I had tasted these wines only once or twice before 2011, when I took over the wine program at Armani Ristorante in Manhattan and inherited a cellar with several vintages of both the Testamatta and Testamatta Colore wines.  The chance to taste and sell them on the restaurant floor on a regular basis turned me into a fan.  Rich and powerful they were, but there was still a vibrancy and energy to the wines that appealed.  They were at a fairly extreme end of what I expected from Sangiovese, but still bore the grape’s stamp.

By the time I left Armani two years later, Graetz was reconsidering his approach and the character of the wines he was making.  “In 2013 I was showing the 2009 and 2010 wines in the market,” he says, “and people fell for the more Burgundian 2009 and not the powerful 2010.”  At that point he concluded that concentration might earn high scores from critics, but that wine drinkers at home or in restaurants might feel differently.  In 2015 he began making changes, and eventually stopped using new wood, cultivated yeasts, and other tools that enriched the wines.  He says the challenge is to make lighter wines that nonetheless possess length on the palate.

A decade on from that powerful 2010 Graetz harvested what he calls “the most fun wine I’ve ever done.”  The 2020 Testamatta comes exclusively from north-facing slopes, and he made a point of removing overly concentrated berries.  The wine shows red fruit – cranberries, redcurrants, cherries – mixed with savory wild herbs and sage.  The tannins are delicate, and the acidity pronounced, giving the wine a tension and liveliness.  Graetz may call it a “fun” wine, but it has complexity and energy and oughtn’t be considered a “gluggable” fresh wine that won’t profit from aging – not by any stretch.

The Bibi Graetz Colore from the same vintage shows some similar characteristics, but older vines (70 years plus, compared to “just” 35-50 years for the Testamatta), higher elevations, and south-facing slopes darken the fruit spectrum and provide added muscle to the wine, keeping it firm and focused.  Rose and graphite notes complement the lack cherry and plum fruit, as does a touch of spice.  The Testamatta may be the most fun, but Graetz says this might be the best wine he’s ever made.
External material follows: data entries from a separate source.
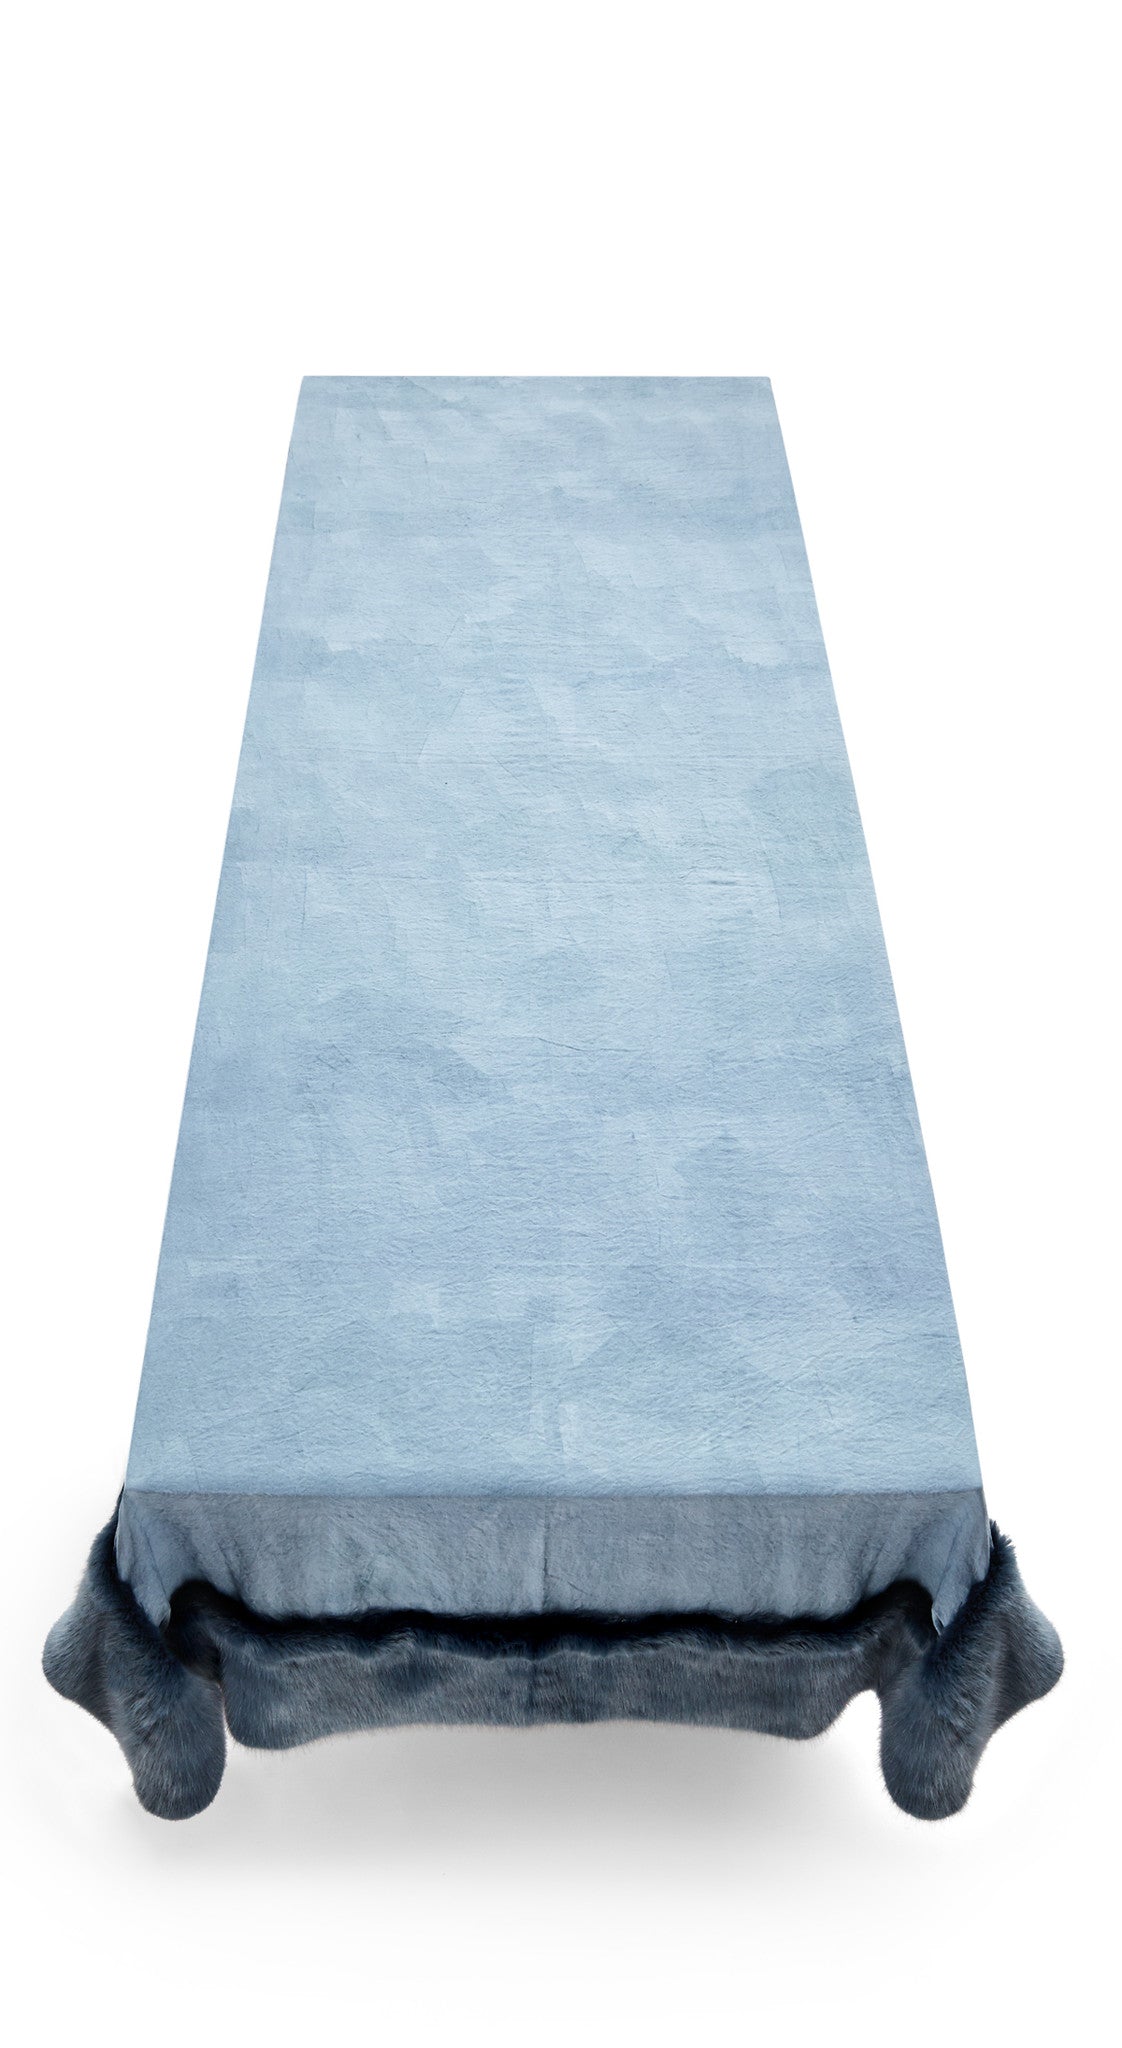 Summerill & Bishop x Shrimps Hand Painted Linen and Faux Fur Tablecloth in Powder Blue
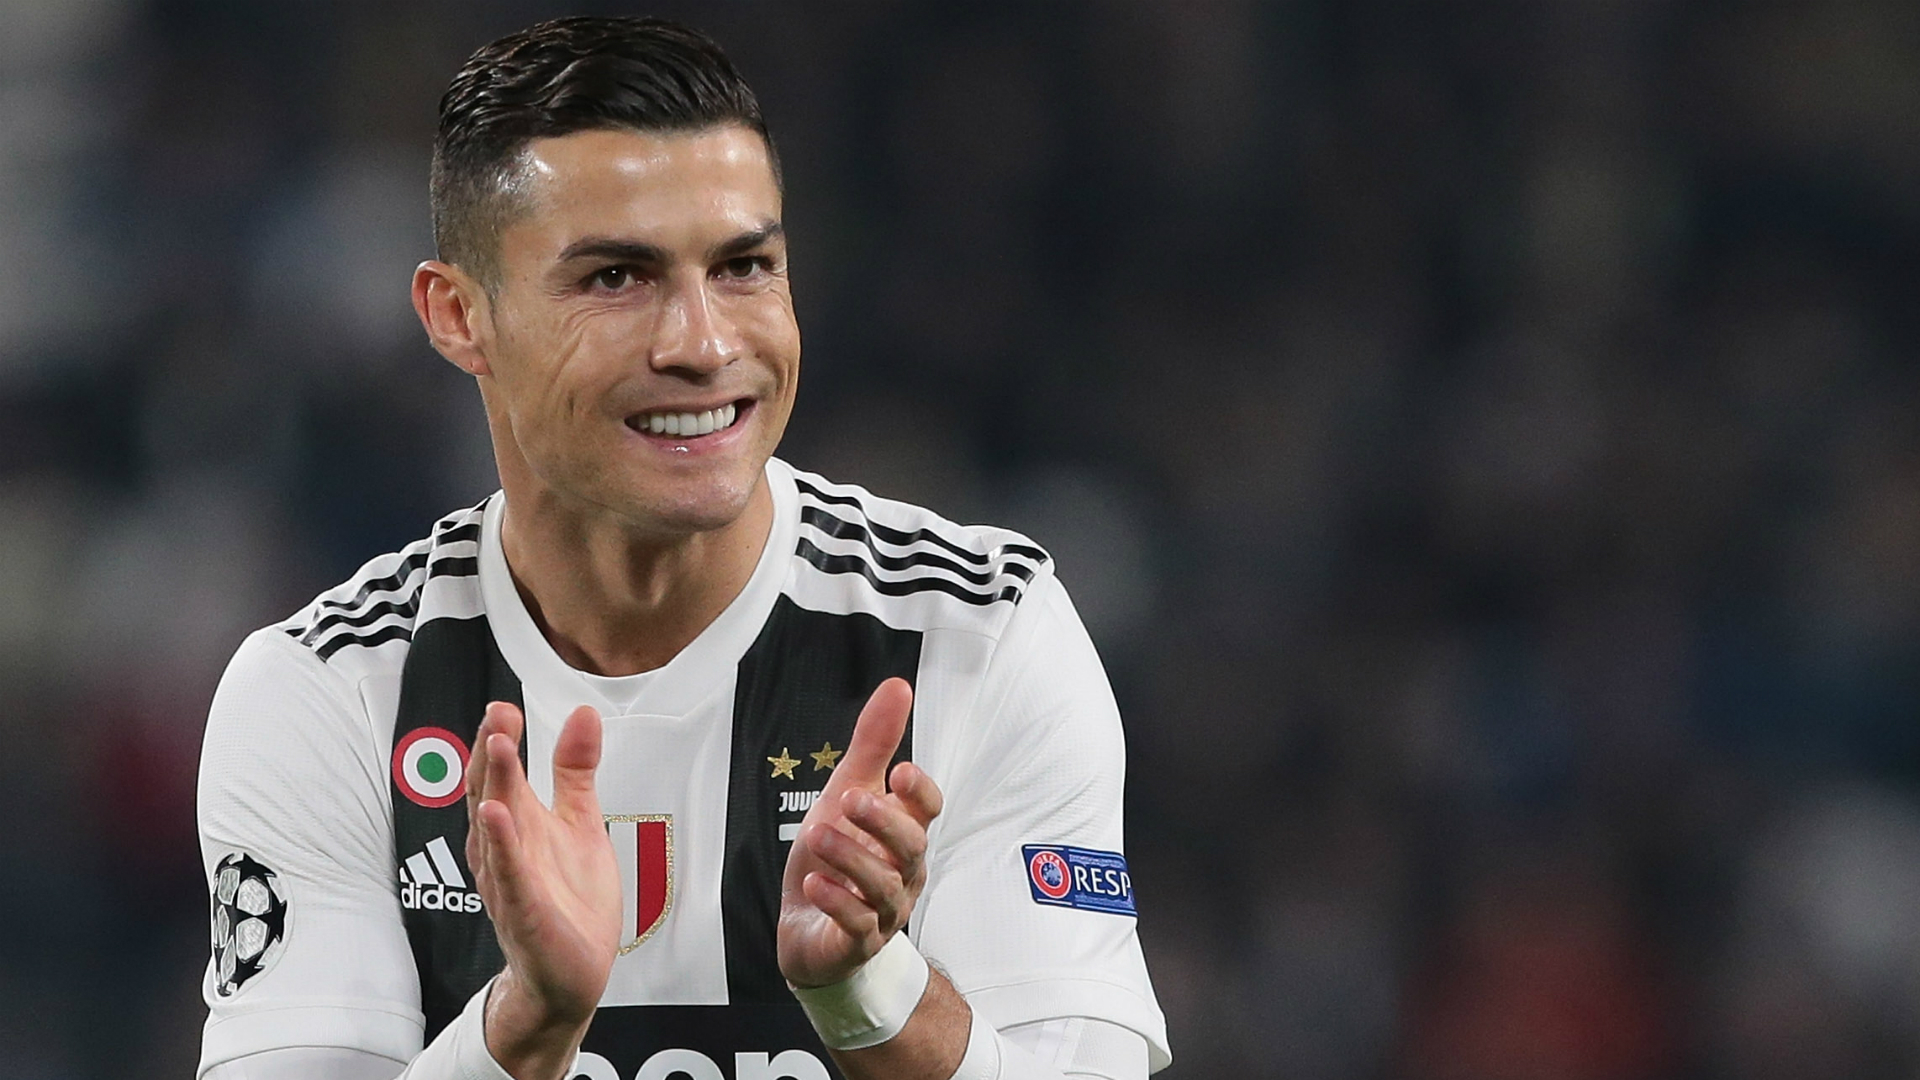 Juventus superstar Cristiano Ronaldo is excited by his team's potential heading into the knockout phase after Wednesday's loss.
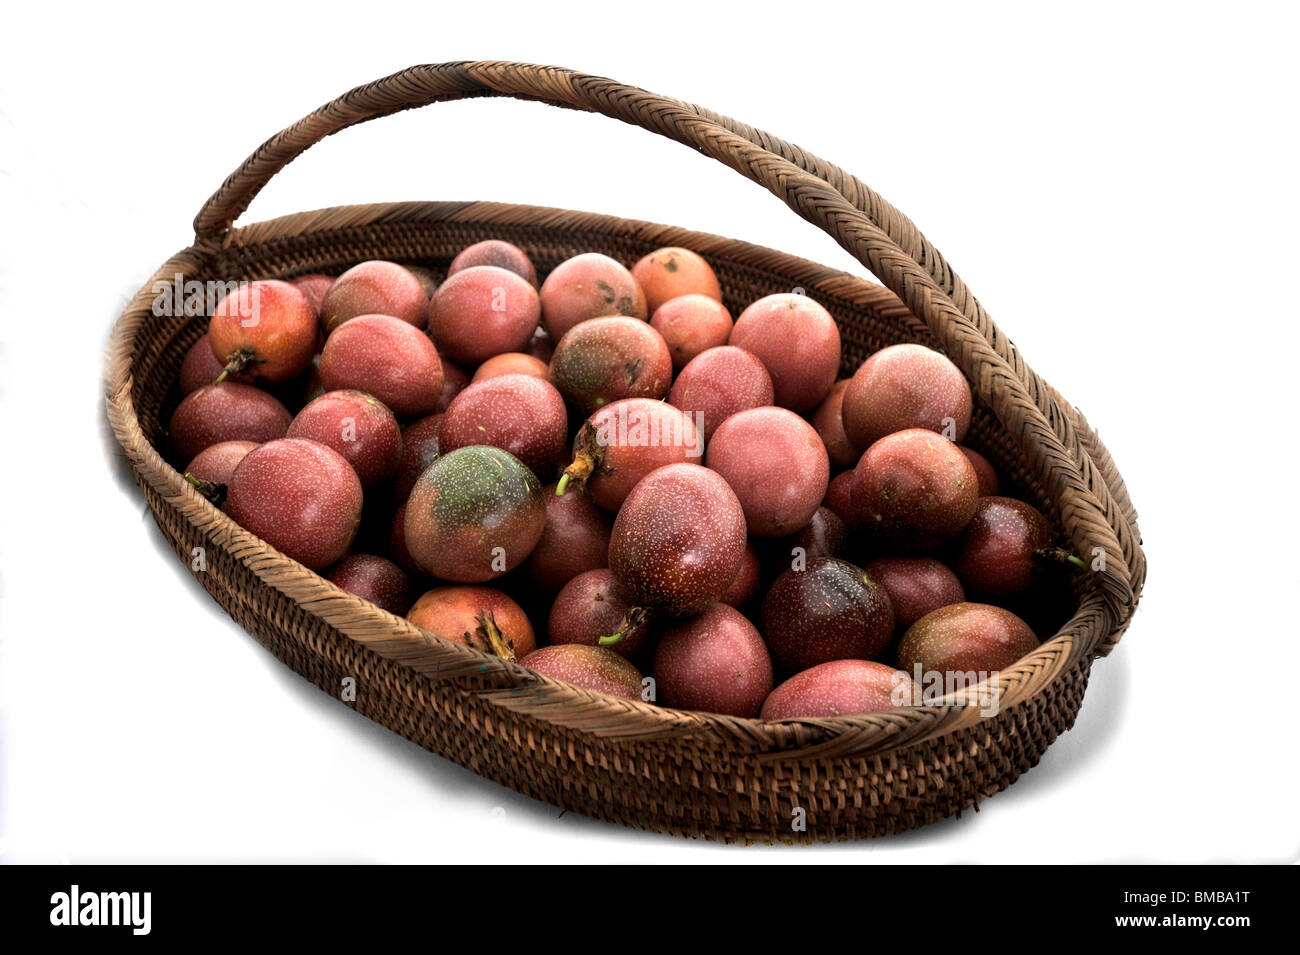 Ripe Passion-fruit in a basket Stock Photo
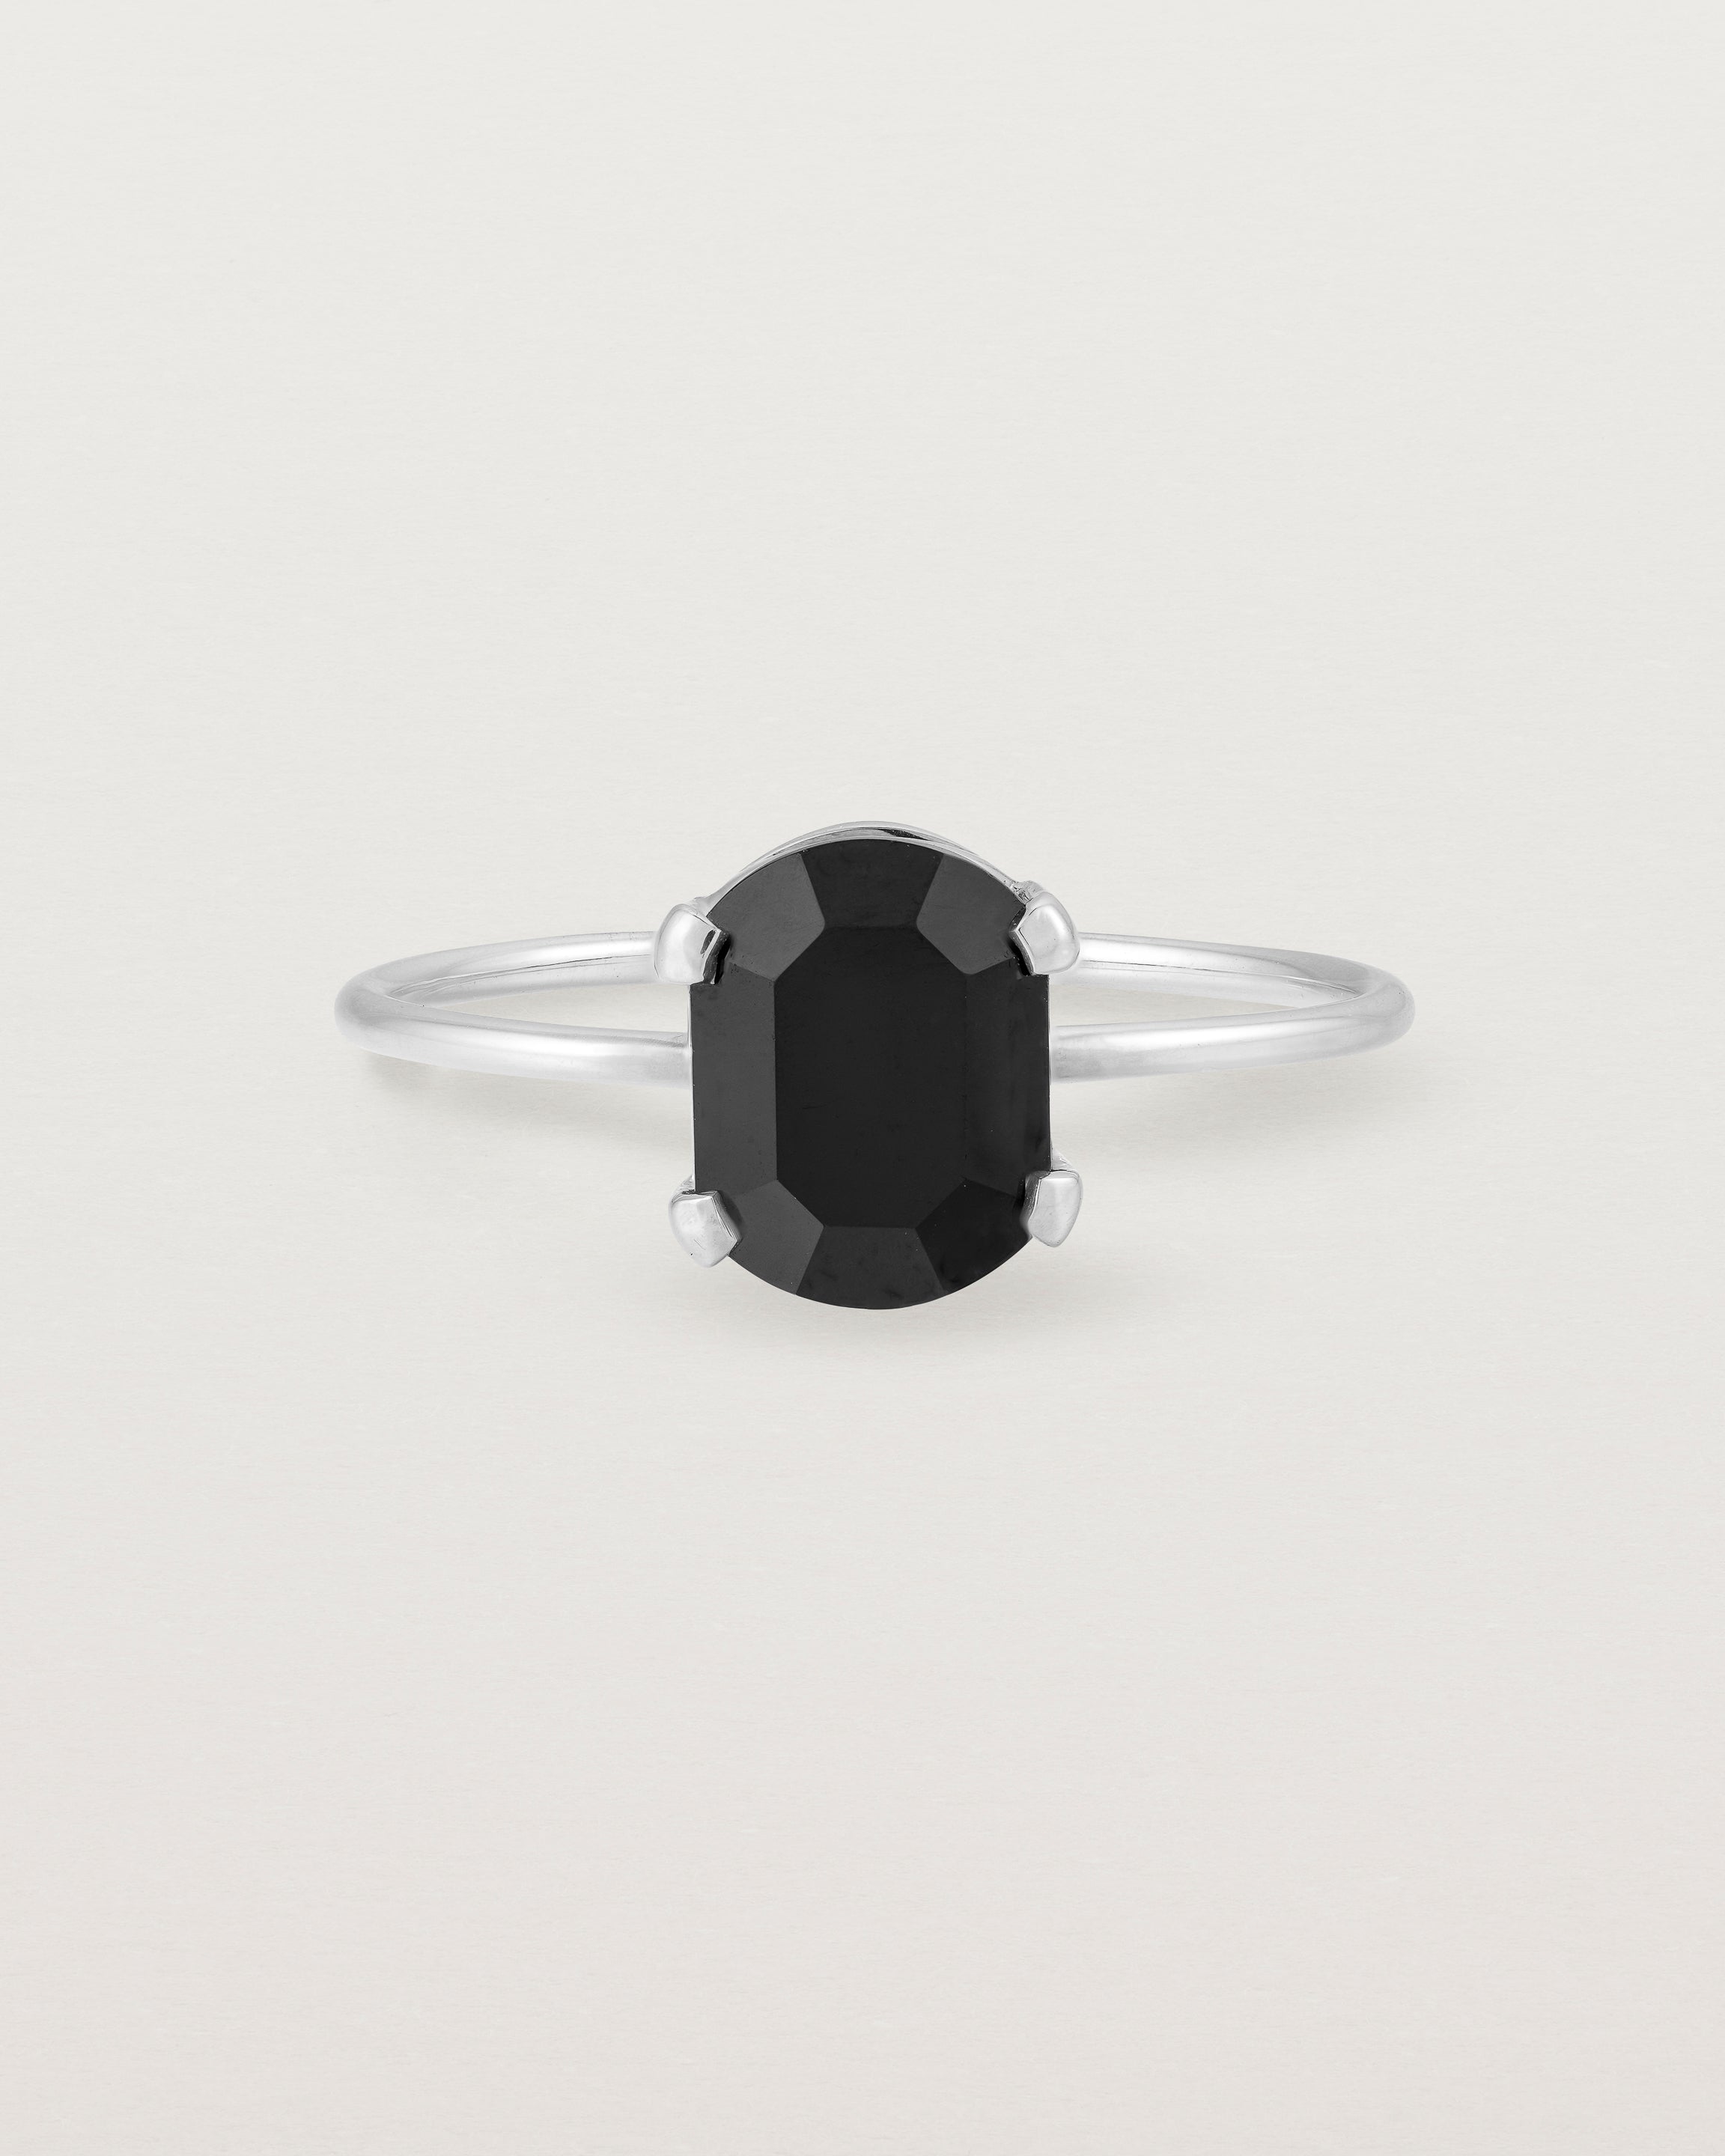 Front view of the Fei Ring | Black Spinel in Sterling Silver.

Both the Colore and Testamatta are 100% Sangiovese, but from the same vintage Graetz is introducing a small amount of single varietal, single vineyard wines from the three classic red grapes of Tuscany: Sangiovese, Colorino, and Canaiolo.  This is the Balocchi (”Toys”) series.  The Sangiovese in the lineup is made with grapes from the first vineyard he ever worked with, and is named, appropriately enough, #1.  It’s a softer wine than the Testamatta or Colore, though still firm; its structure driven more by acid than tannins.  Plum, strawberry, and floral notes dominate, with a touch of earth and blood orange, especially on the finish.

The #8 is 100% Canaiolo; Graetz is excited about the chance to show off the variety, which he calls the “the most amazing grape we have.”  The wine is more substantial, and spicy, with green peppercorn, earth, black cherry, and floral notes.  It comes from a higher vineyard – 320 meters in elevation, compared to 250m for the #1.  The “8” in this case refers to the age of the artist – Bibi’s son, Ludovico – when he drew the label; the colorful artwork fits into the Testamatta lineup seamlessly.

The final wine in the trio, the Colorino, is named #3.  The wine is darker in color, fuller-bodied, and shows a darker range of fruit notes, especially blackberry and blackcurrant.  It’s rich and sports ripe tannins, but is still well-structured, with a long finish.  Bibi says Colorino’s robust character gives him “the chance to play the ‘Super Tuscan” game.” He means the Super Tuscan style of past decades, but the new, more restrained Testamatta wines are equally super if elegance and complexity are the goalposts.